Recorded information >>

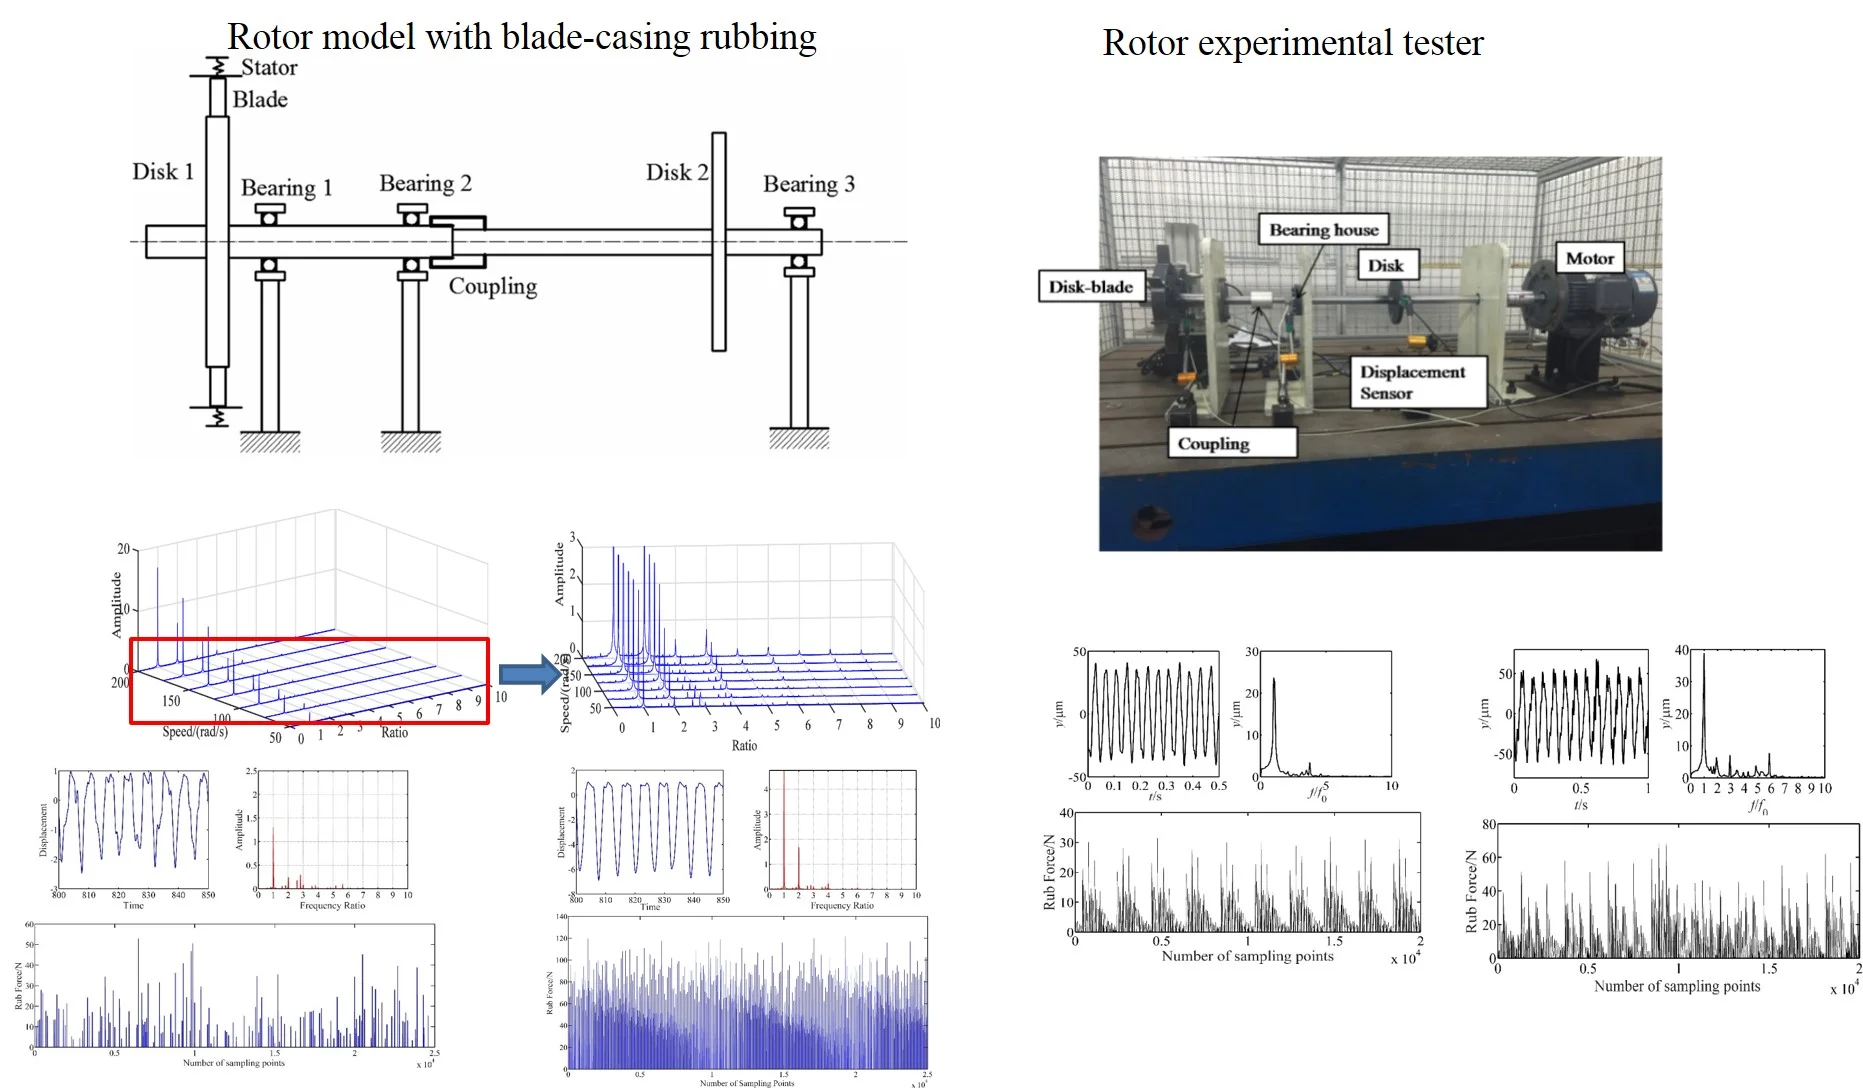 Vibration investigation of rotor system with unbalance and blade-casing rubbing coupling faults
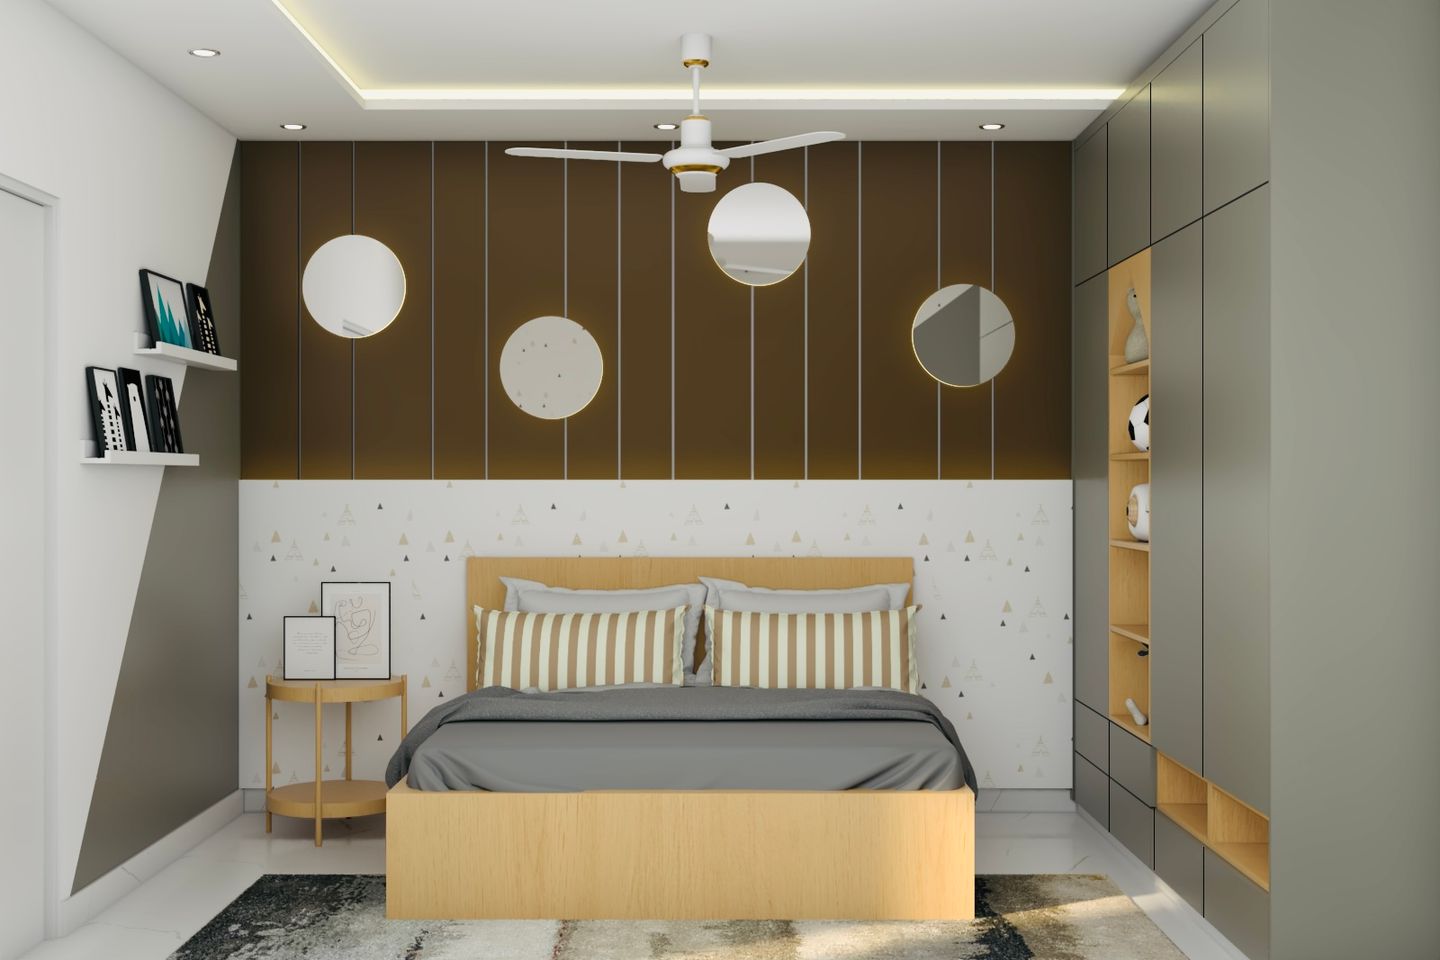 Kids Room Design With Wooden Bed And Swing Wardrobe - Livspace
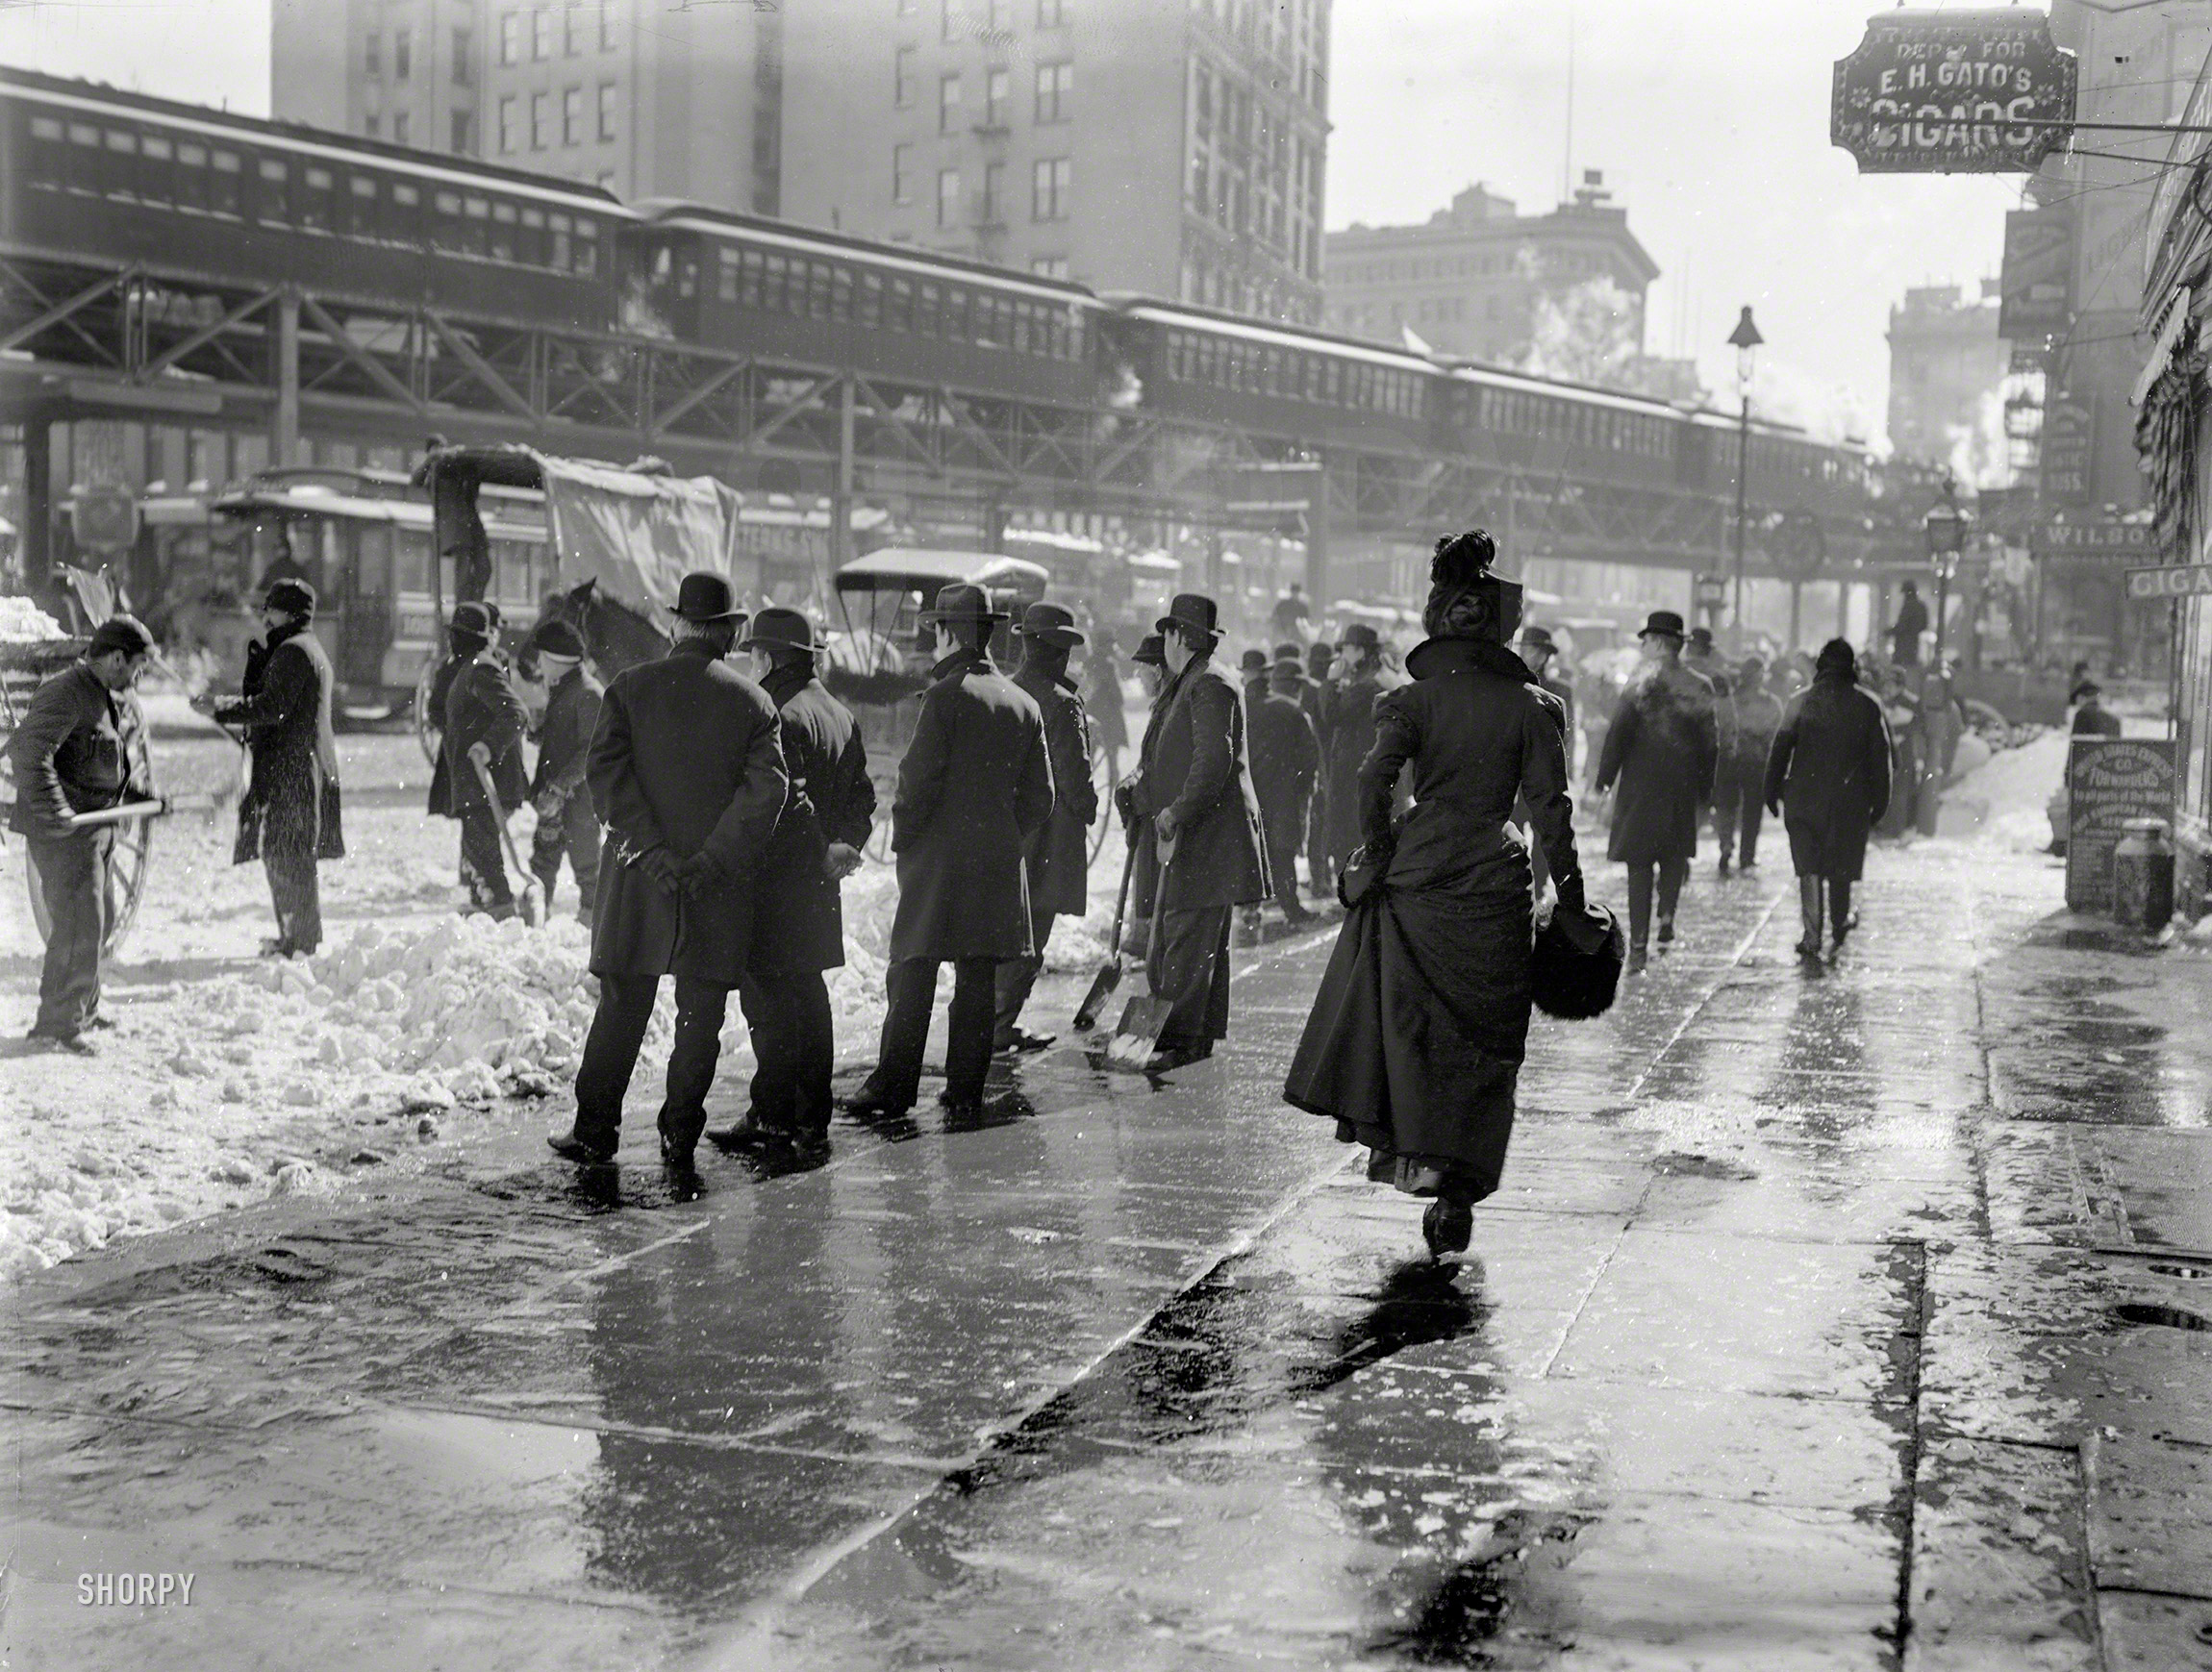 1899. "Blizzard '99 -- On the streets after a New York blizzard." 8x10 glass negative by Byron. Detroit Publishing Company. View full size.
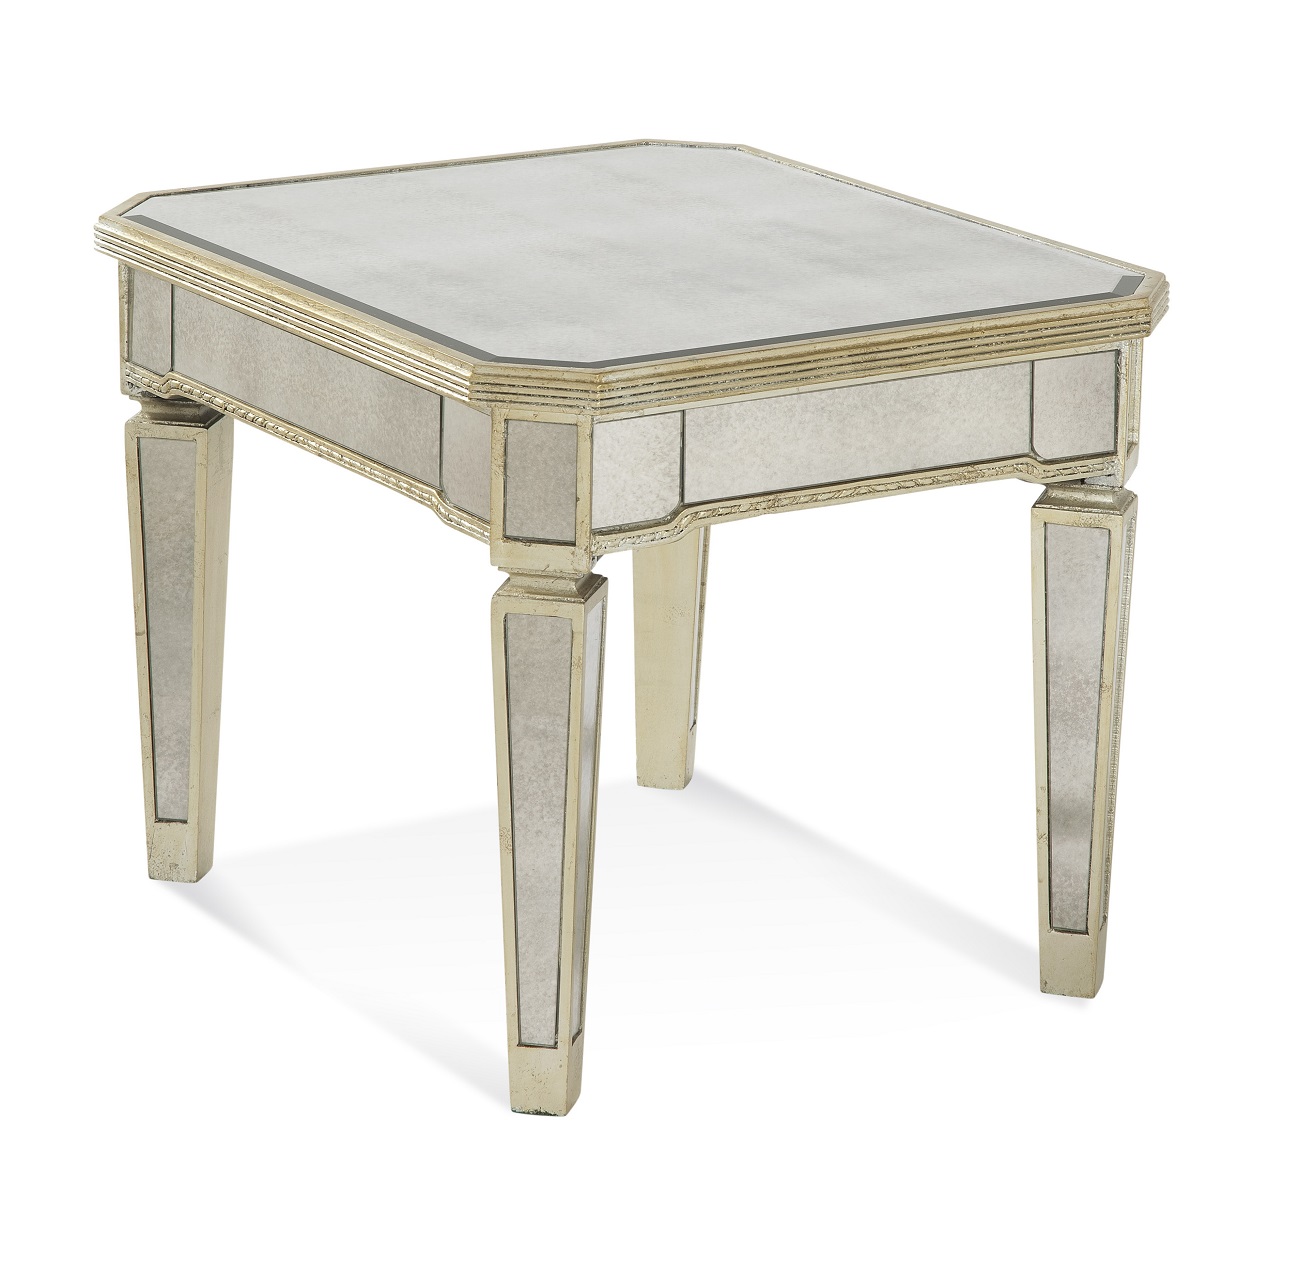 Bassett Mirror Borghese End chess table for sale Brooklyn, New York

Exercise goal >>
Omit every picture, then repeat the remaining data exactly as it appears above.

The answer >>
 Vibration investigation of rotor system with unbalance and blade-casing rubbing coupling faults
 Kids Room Design With Wooden Bed And Swing Wardrobe - Livspace
 1899. "Blizzard '99 -- On the streets after a New York blizzard." 8x10 glass negative by Byron. Detroit Publishing Company. View full size.
 Bassett Mirror Borghese End chess table for sale Brooklyn, New York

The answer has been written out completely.